* **What you will do**
Restate the listing below word for word; no picture is to be carried over.

* **Data section**
○ ○ ○
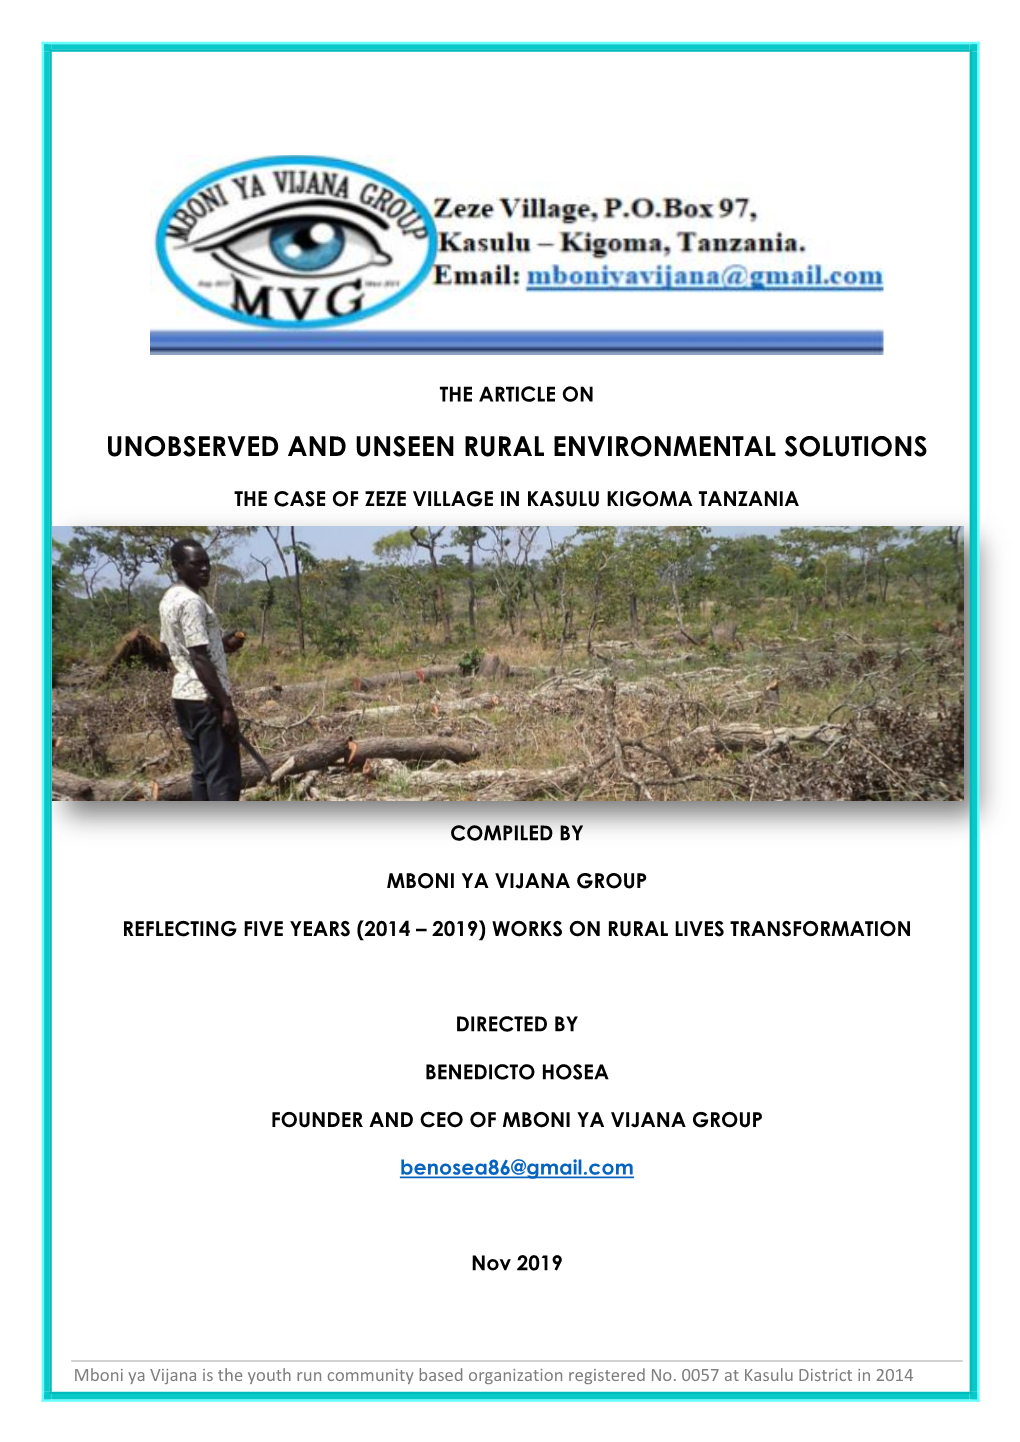 Unobserved and Unseen Rural Environmental Solutions
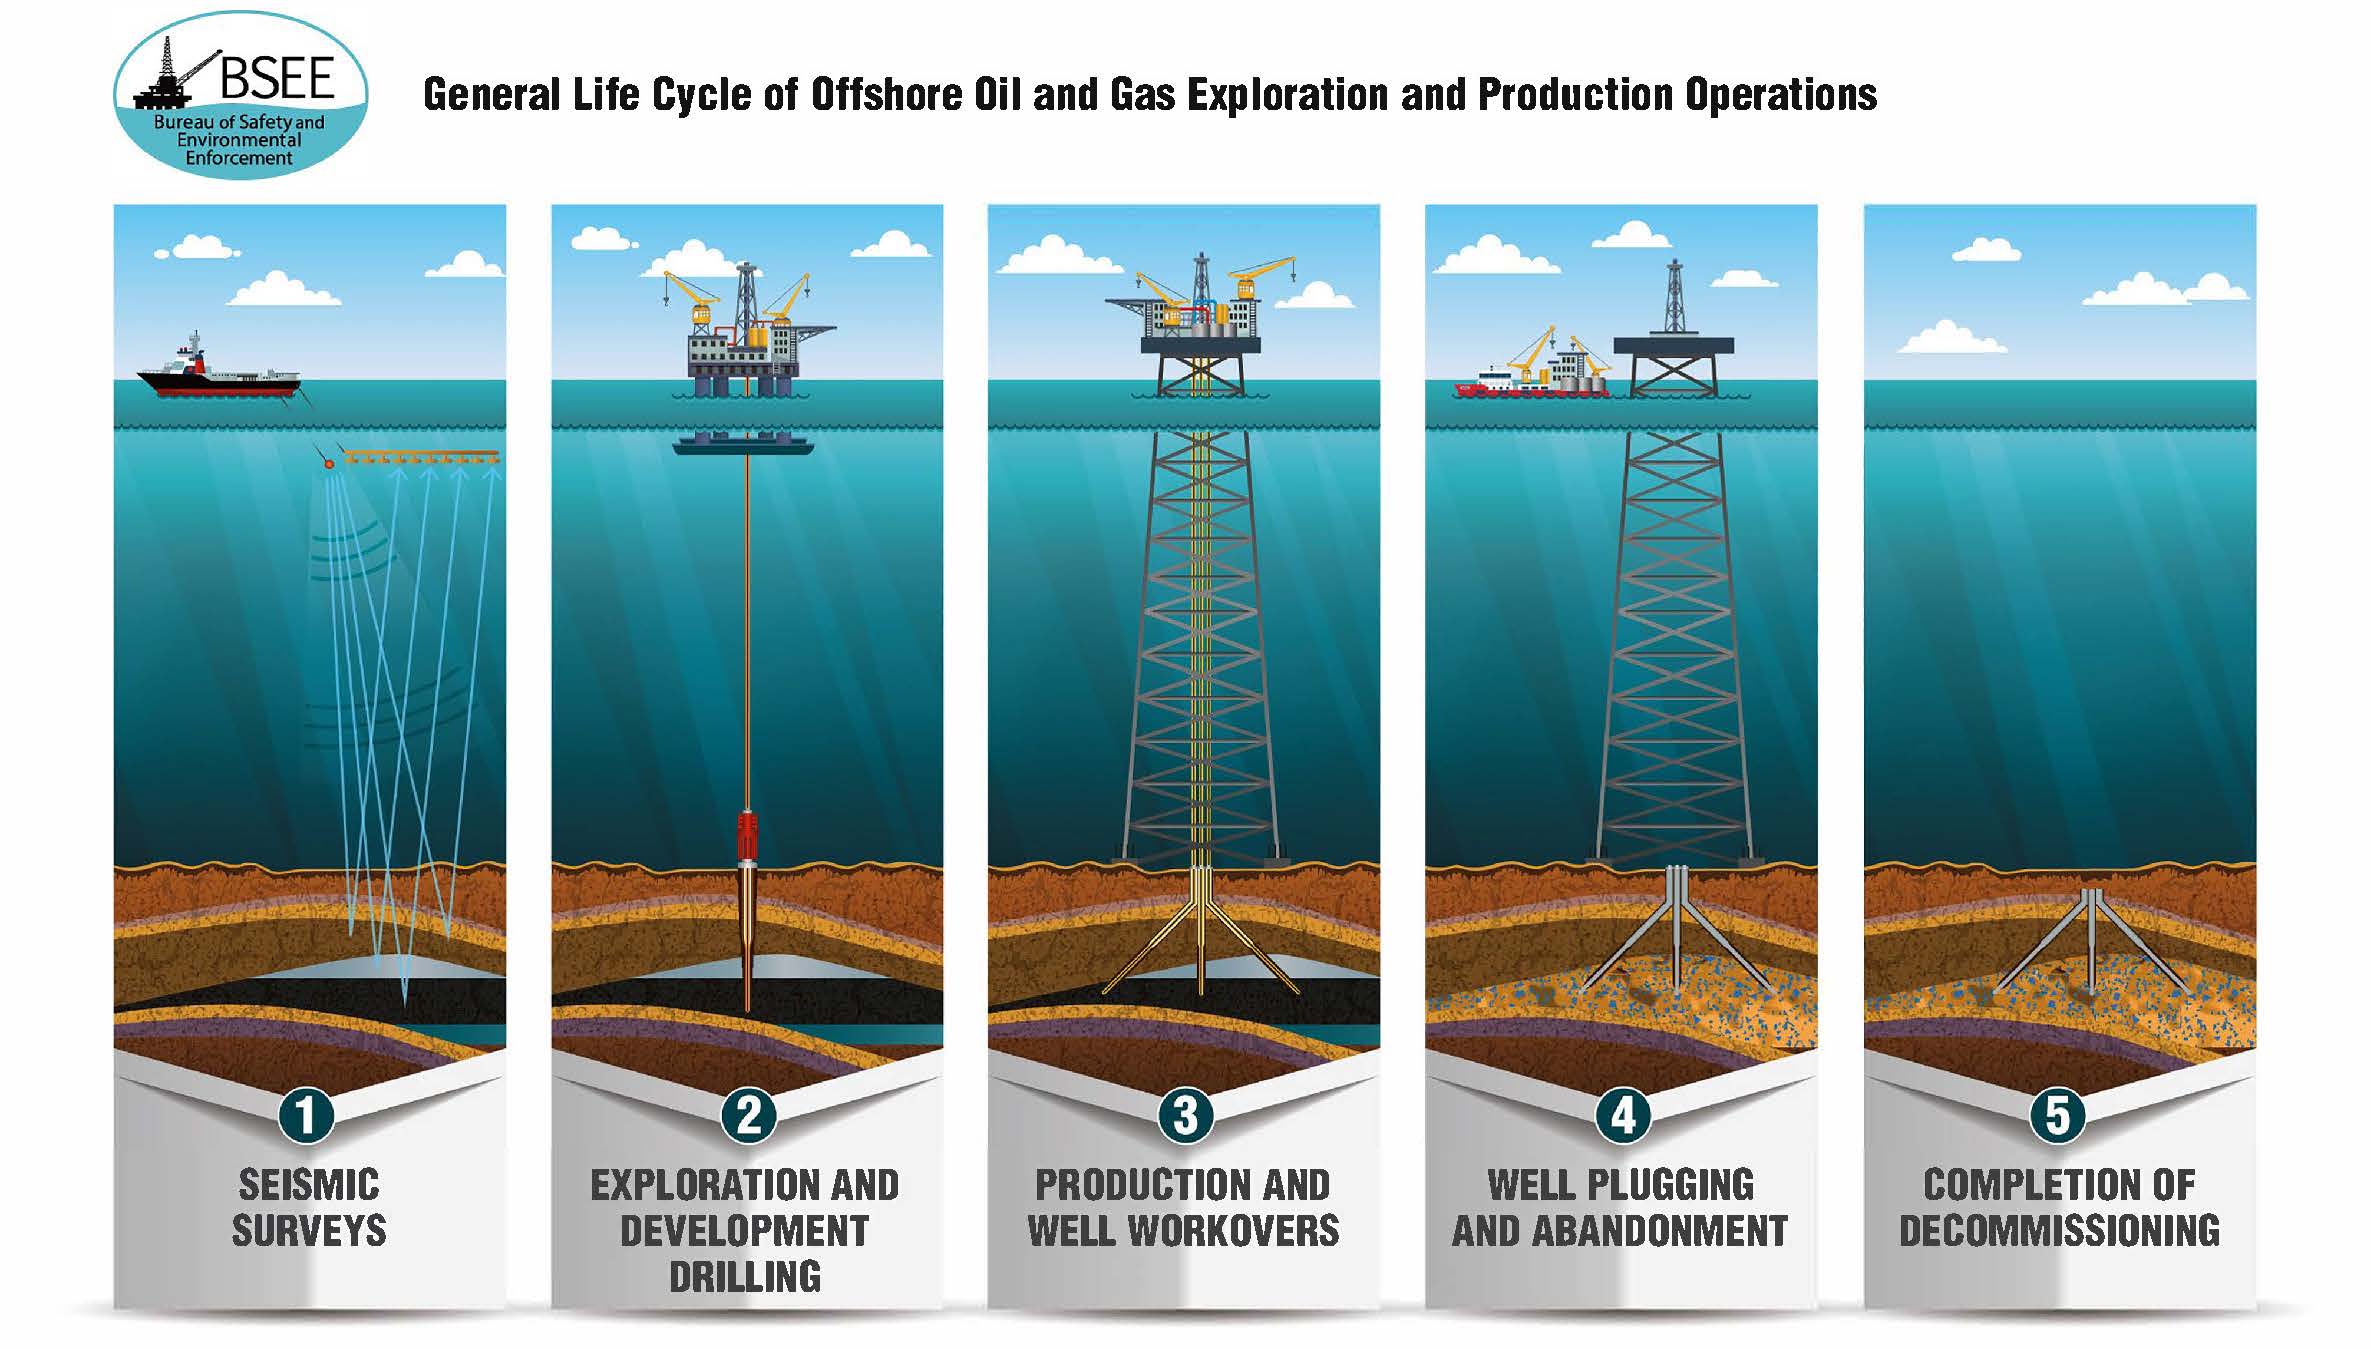 BSEE Lifecycle of Oil and Gas Offshore Exploration
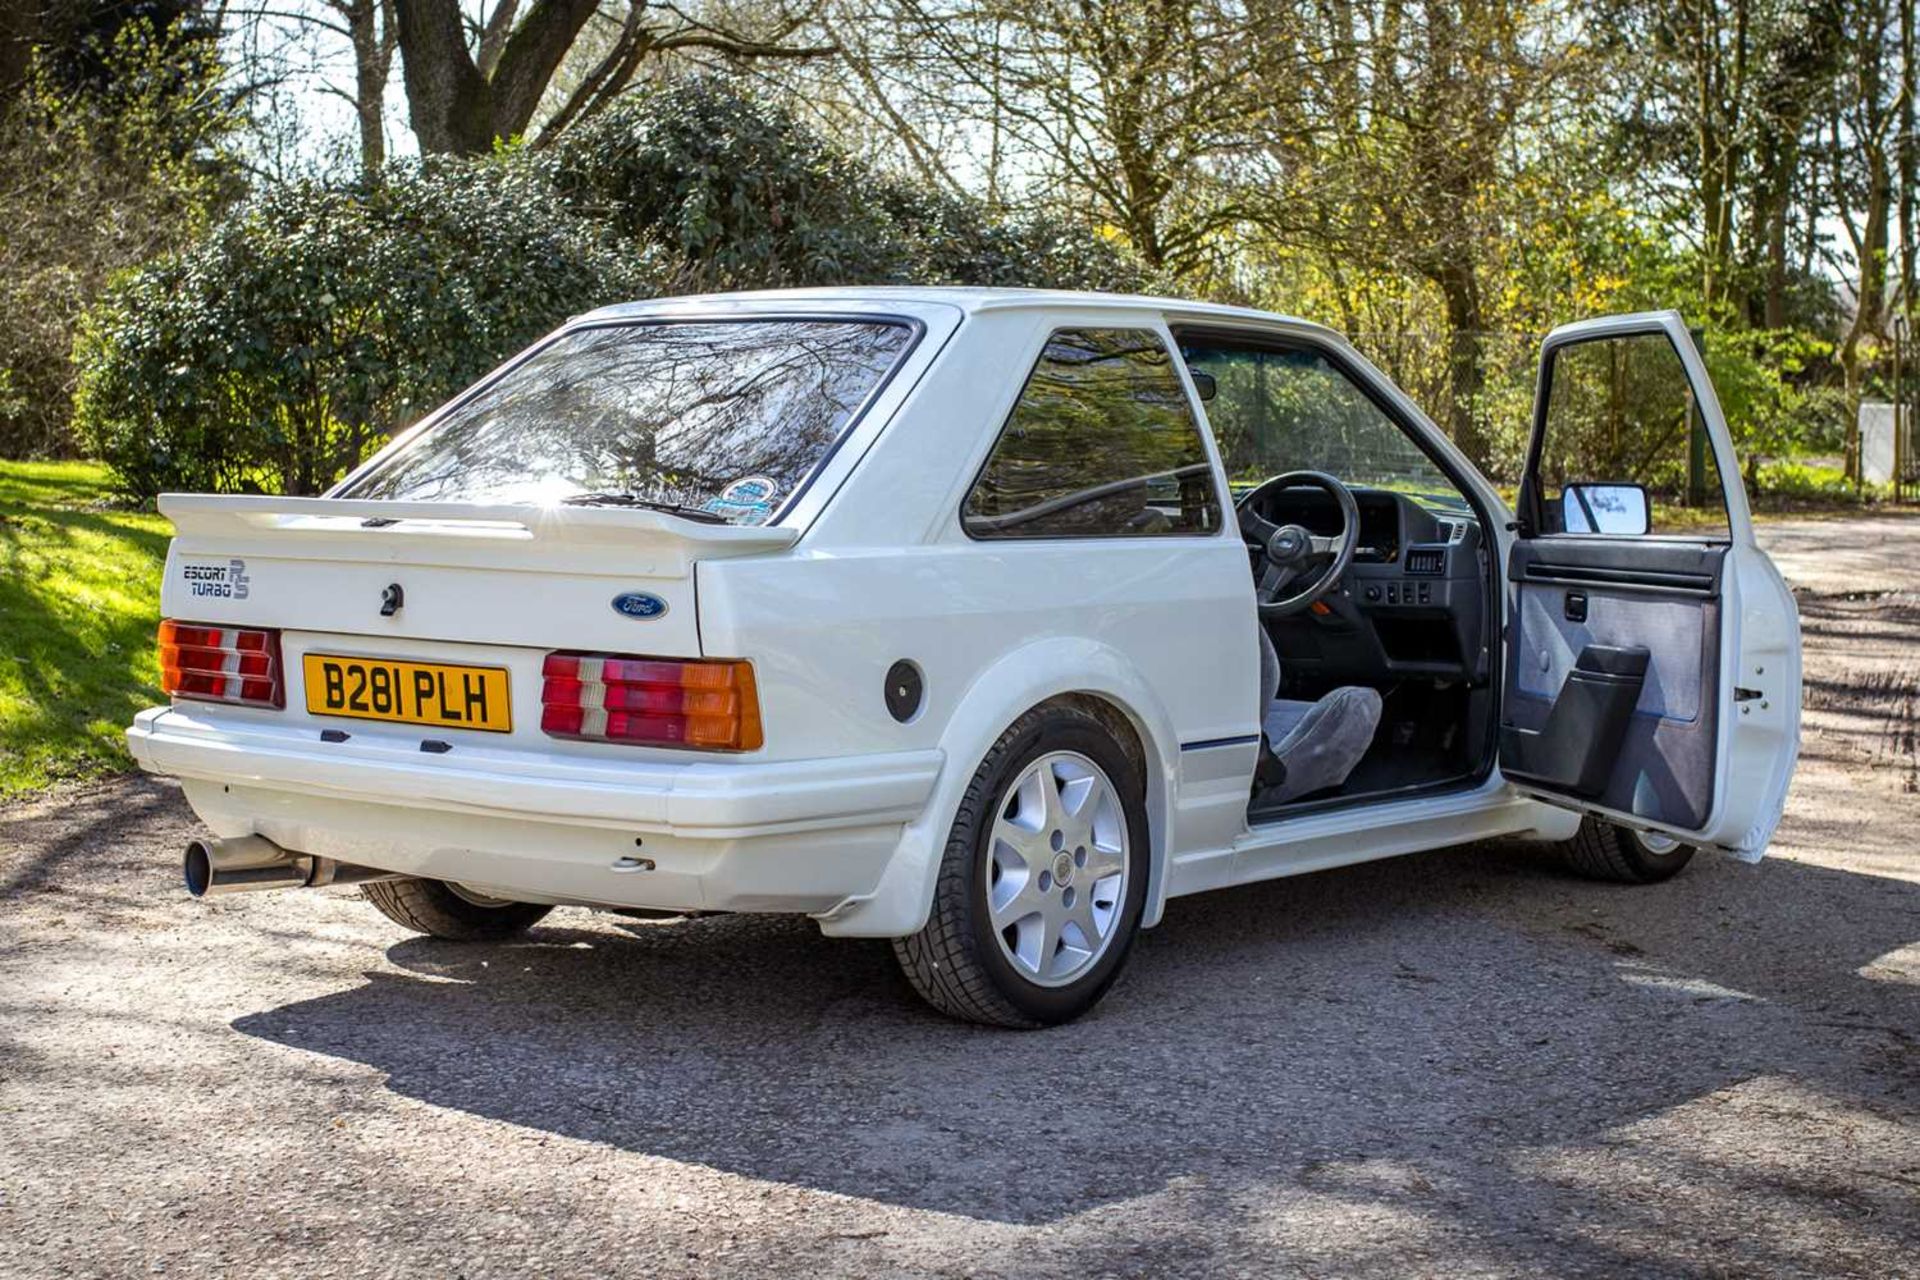 1985 Ford Escort RS Turbo S1 Subject to a full restoration  - Image 50 of 76
○ ○ ○
* **Your solution**
 Unobserved and Unseen Rural Environmental Solutions
 BSEE Lifecycle of Oil and Gas Offshore Exploration
 1985 Ford Escort RS Turbo S1 Subject to a full restoration  - Image 50 of 76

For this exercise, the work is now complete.